Milwaukee is not alone.

The number of murders in 2015 jumped by 33% or more in Baltimore, New Orleans and St. Louis. Meanwhile, in Chicago, the nation’s third-largest city, the homicide toll climbed 19% and the number of shooting incidents increased by 21% during the first half of the year.

In all the cities, the increased violence is disproportionately impacting poor and predominantly African-American and Latino neighborhoods. In parts of Milwaukee, the sound of gunfire is so commonplace that about 80% of gunshots detected by ShotSpotter sensors aren’t even called into police by residents, Flynn said.

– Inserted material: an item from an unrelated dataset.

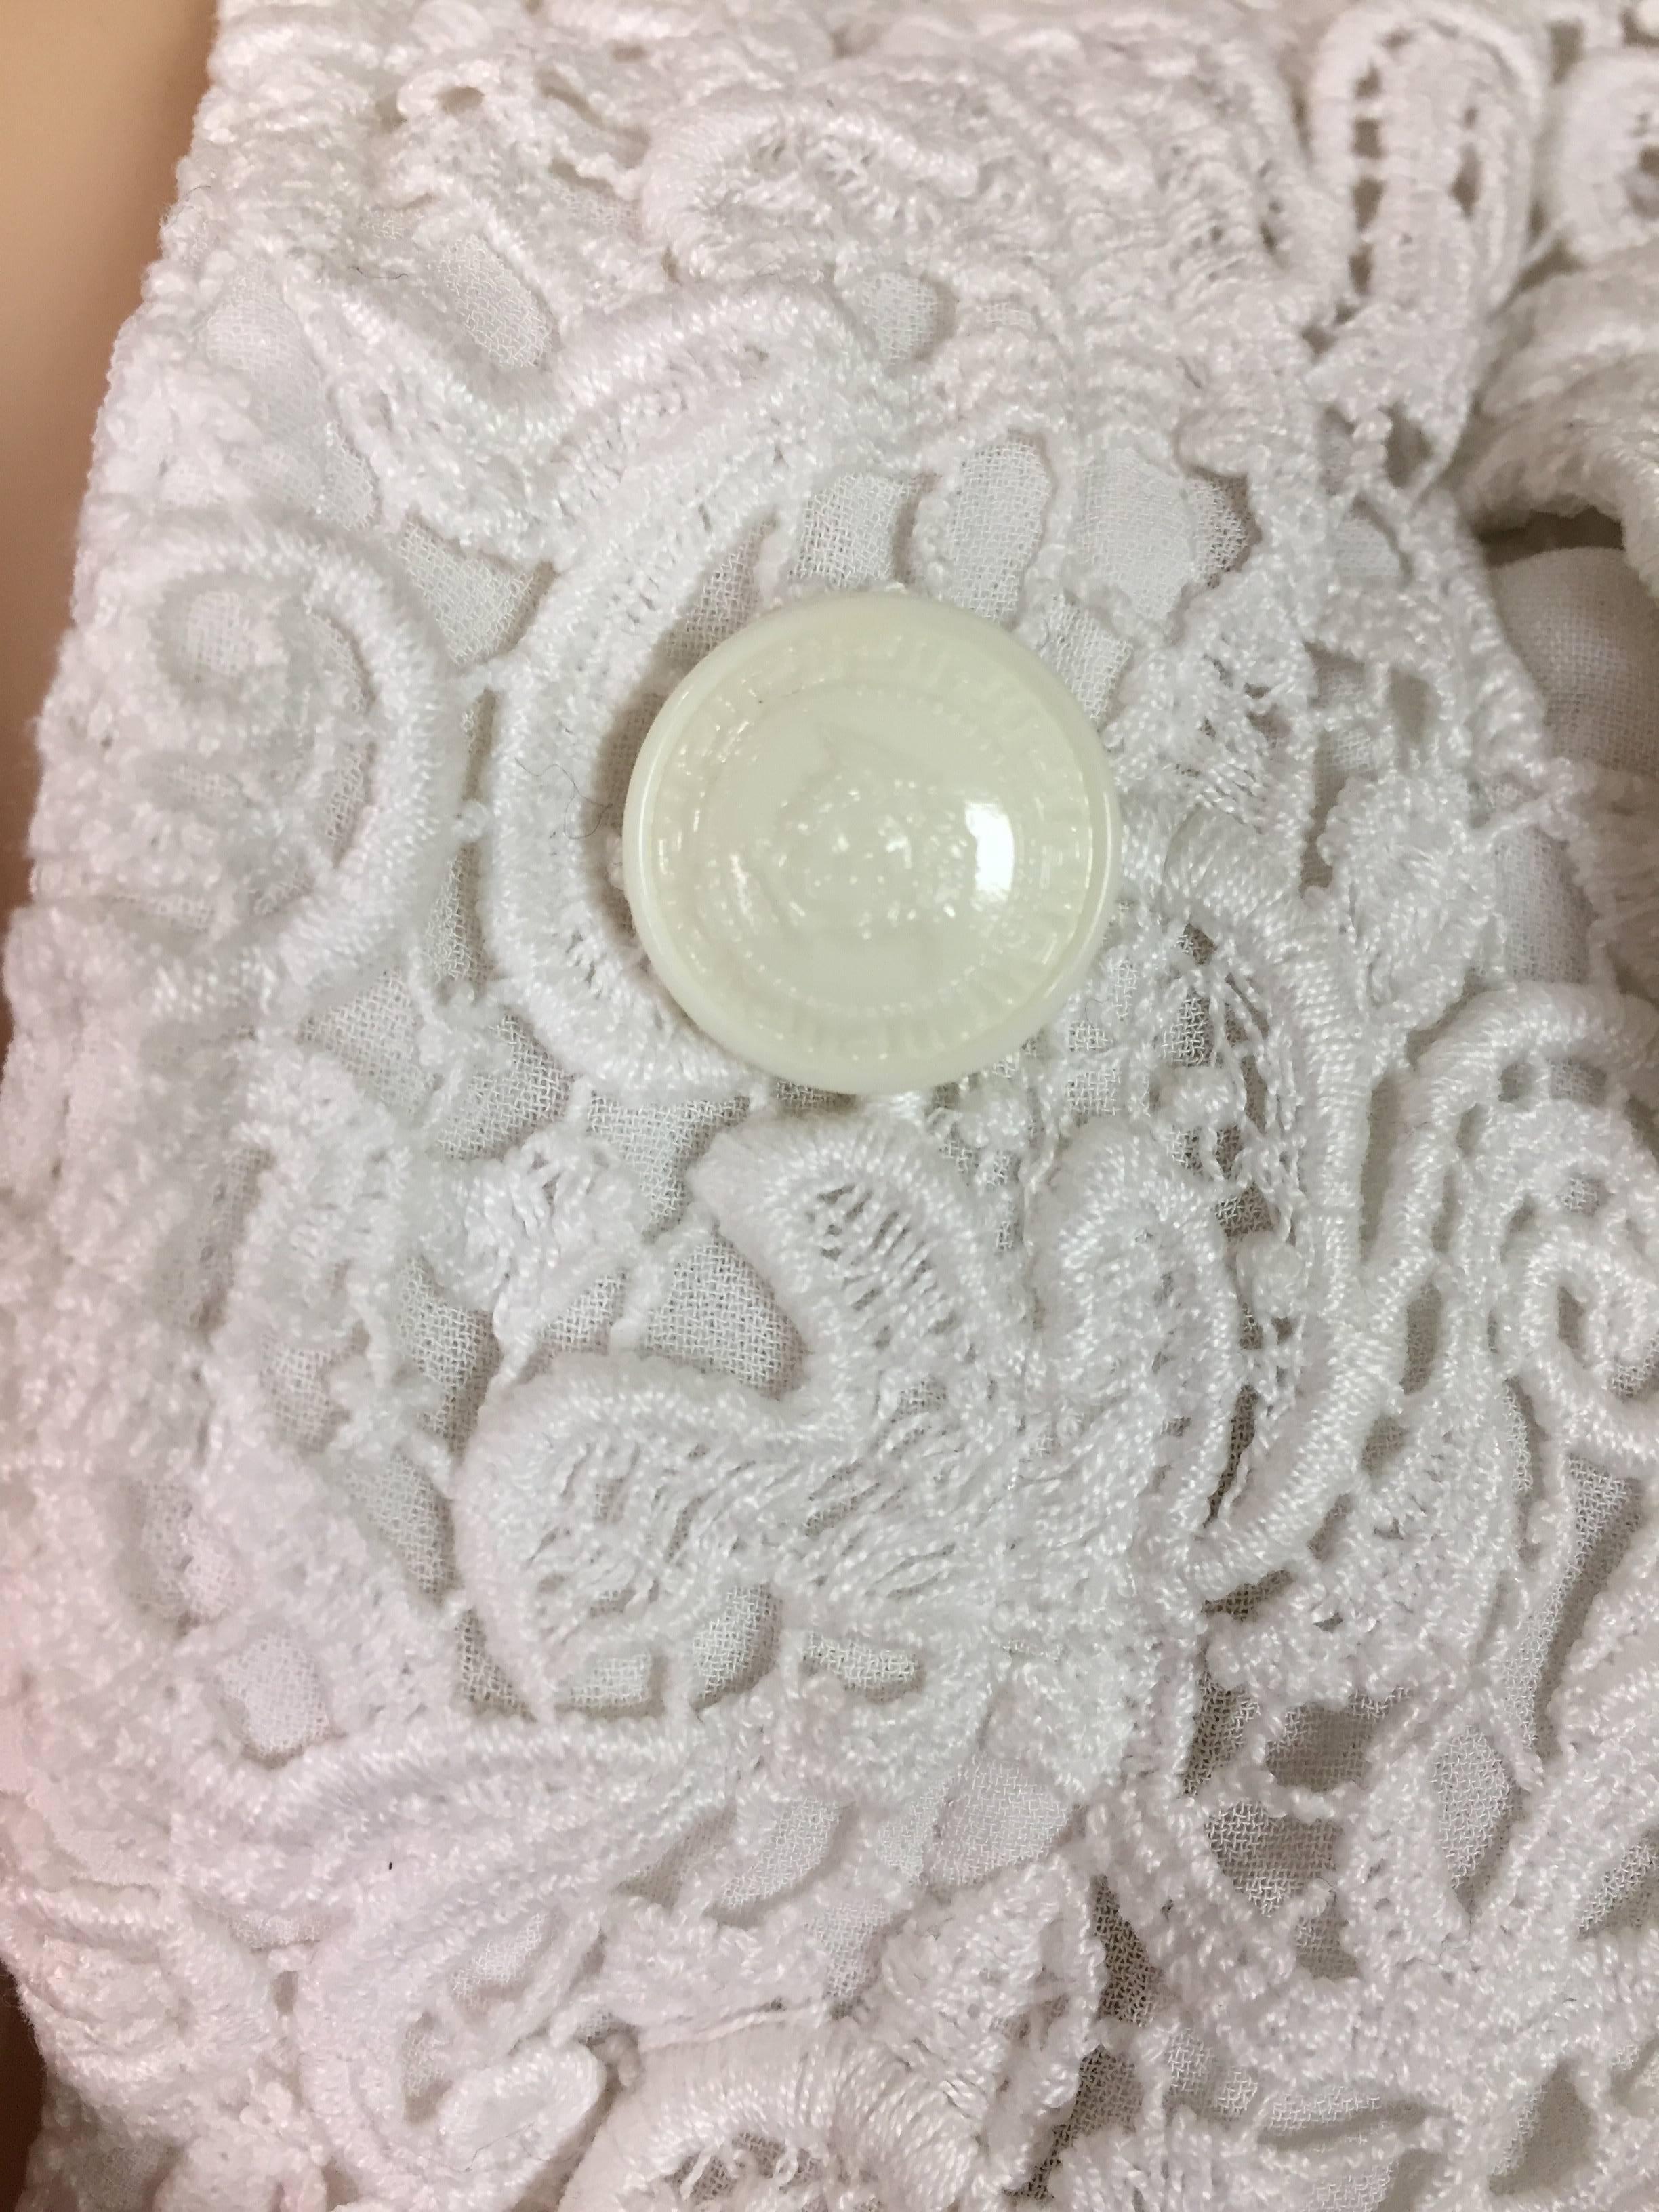 S/S 1994 Gianni Versace Sheer White Lace Cropped Short Jacket 38 In Good Condition In Yukon, OK

“We’ve got folks out there living in neighborhoods, where . . . it’s just part of the background noise,” Flynn told USA TODAY. “That’s what we’re up against.”

Much like the lower crime rates we’ve been experiencing for over 20 years, nobody is exactly sure why violence is making a comeback, or where it’s going. It could just be a temporary surge that will soon level out, or it may be the start of a whole new trend. Some have suggested that it’s being caused by tighter budgets at the local level, by it’s hard to say for sure.

Another theory suggests that this violence is being fueled by the racial tensions that were sparked in Ferguson and Baltimore. Both cities have seen a startling surge in homicides, as well as lower arrest rates, which may be due to average citizens being reluctant to talk to the police.

In any case, the presence and efforts of the police may not be having much of an effect at all. Take Chicago for instance, which experienced an incredibly violent 4th of July weekend this year, despite the number of cops who were on the streets.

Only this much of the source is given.